Примерно через месяц из разговора Дайаны Кинг с подругой Джейн услышала новости о том, что у Стивена диагностировали “какую-то ужасную неизлечимую болезнь, от которой парализует… не рассеянный склероз, но что-то вроде того, и жить ему осталось года два, не больше”. Брат Дайаны Бэзил навещал Стивена в больнице.
После такого разговора встреча со Стивеном неделей позже на железнодорожной станции в Сент-Олбансе застала Джейн врасплох: выглядел Стивен неплохо, одет был несколько более “традиционно”, чем обычно, да еще и подстригся. Оба ехали в Лондон, по дороге сидели рядом, болтали. Джейн выразила сочувствие по поводу его госпитализации, Стивен поморщился и ничего не ответил. Больше она эту тему не затрагивала. Стивен спросил, не сходит ли она с ним в театр, когда он приедет домой на выходные из Кембриджа. Джейн приняла приглашение.
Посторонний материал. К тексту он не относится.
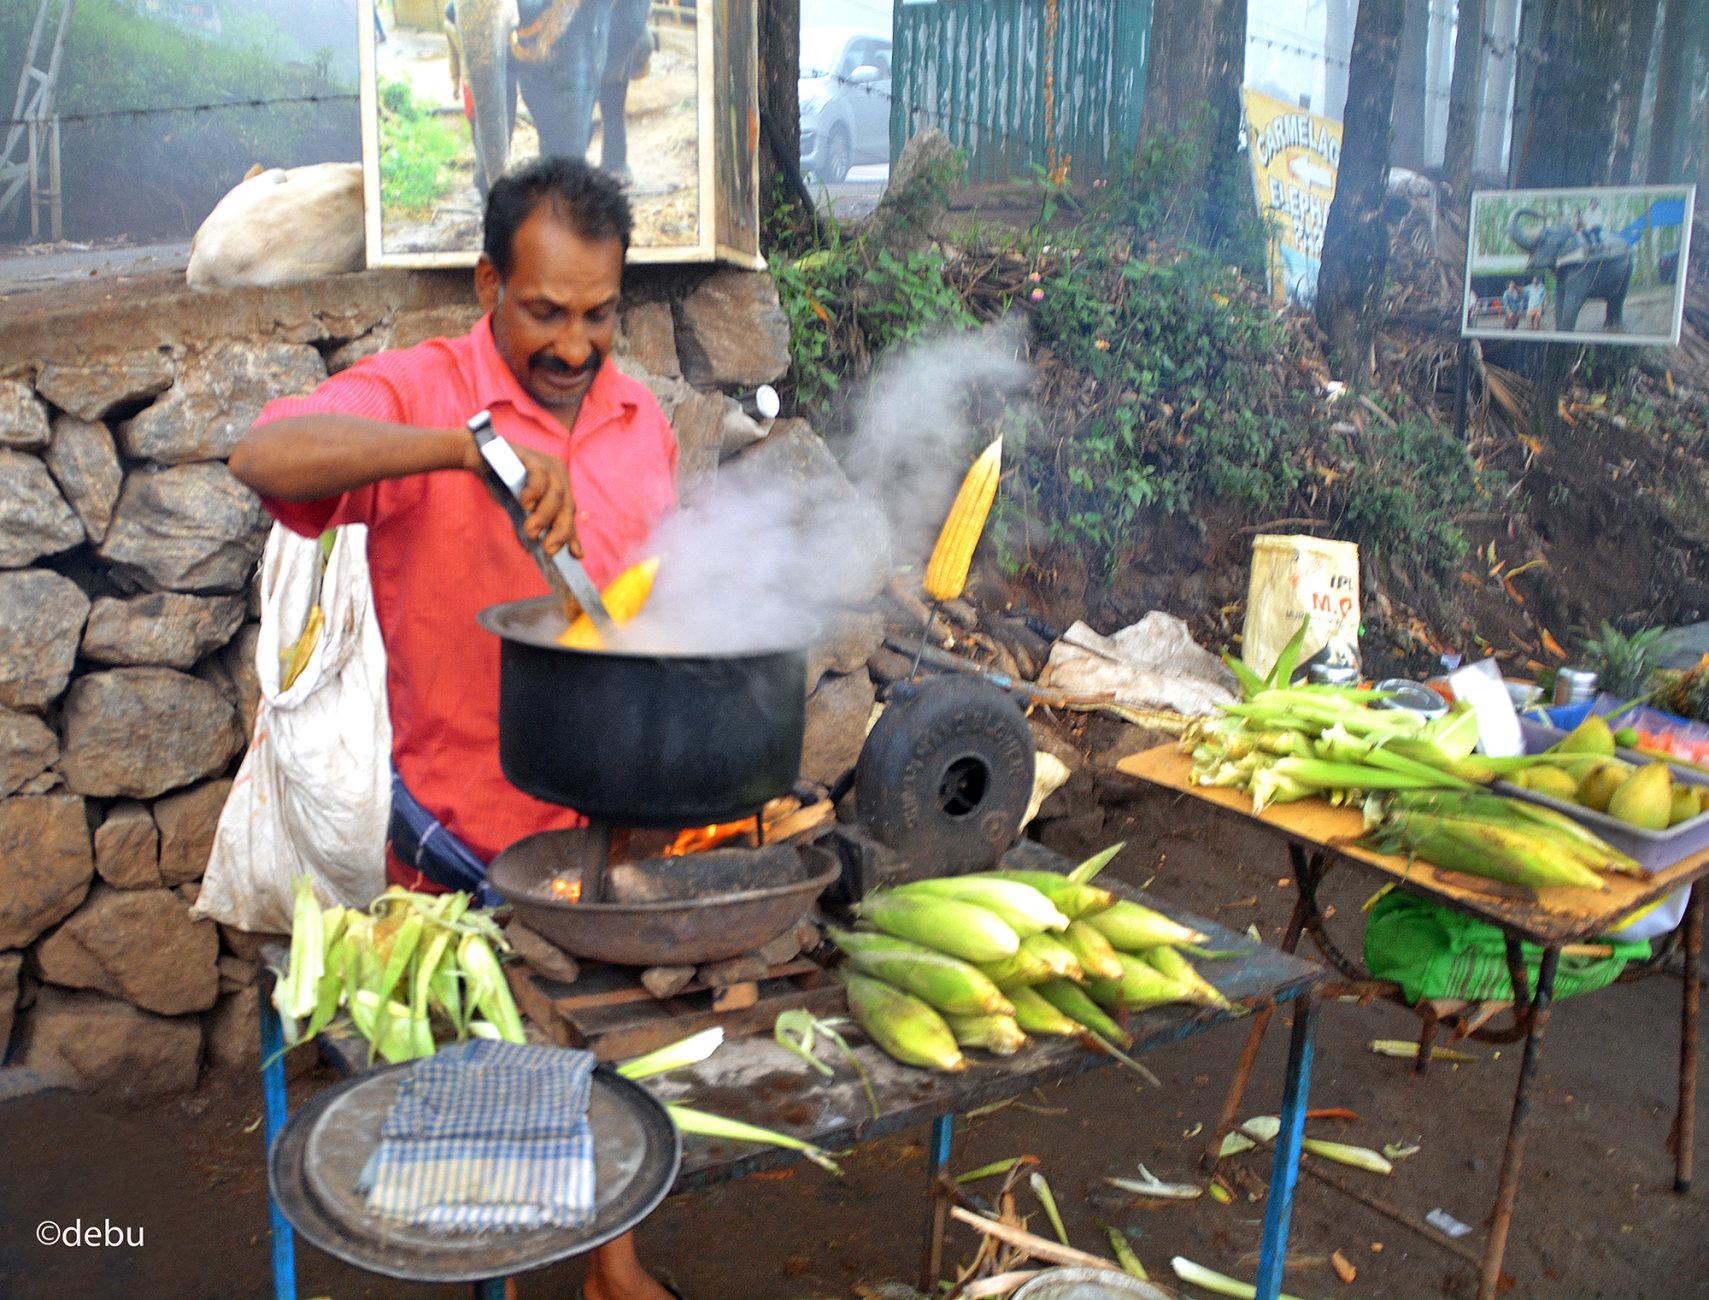 A poor street vendor in india selling corns

Первое их свидание состояло из ужина и театра. Вечер в Лондоне обошелся так дорого, что, садясь с Джейн в автобус до вокзала, Стивен обнаружил полное отсутствие денег. Банкоматов в те времена еще не изобрели, и, после того как он столь щедро угостил свою даму на первом свидании, Стивену пришлось попросить ее заплатить за проезд. Джейн сунула руку в сумочку – и не нашла там кошелька. Так началось первое их совместное приключение.
Они выскочили из автобуса, пока с них не стребовали плату за проезд, вернулись в темный, закрывшийся уже “Олд Вик” и проникли в театр через вход для актеров. Кошелек обнаружился под тем самым креслом, которое Джейн занимала во время спектакля, и все вроде бы обошлось, но тут в зале погасли последние огни. Стивен взял Джейн за руку, повел ее обратно на сцену и оттуда по кромешно темному коридору к выходу. Джейн следовала за уверенно ведущим ее Стивеном “с молчаливым восхищением”.
Стивен был не из тех молодых людей, что приглашают в кино и угощают пиццей. В следующий раз он позвал Джейн на майский бал в Тринити-холле. Театр и ужин в Лондоне, майский бал в университете – о чем еще может девушка мечтать?
В июне Стивен приехал в Сент-Олбанс за Джейн, и она ужаснулась произошедшей в нем перемене и усомнилась, сможет ли “хрупкий, истощенный, шатающийся на ветру Стивен, опиравшийся на руль, чтобы распрямиться и посмотреть на приборную доску”, благополучно довезти ее до Кембриджа. Поездка и впрямь оказалась опасной, но не из-за недуга Стивена, а из-за его бесшабашности. Промчавшись на головокружительной скорости от Сент-Олбанса до Кембриджа, Джейн дала себе зарок вернуться домой на поезде, но не повторять таких экспериментов.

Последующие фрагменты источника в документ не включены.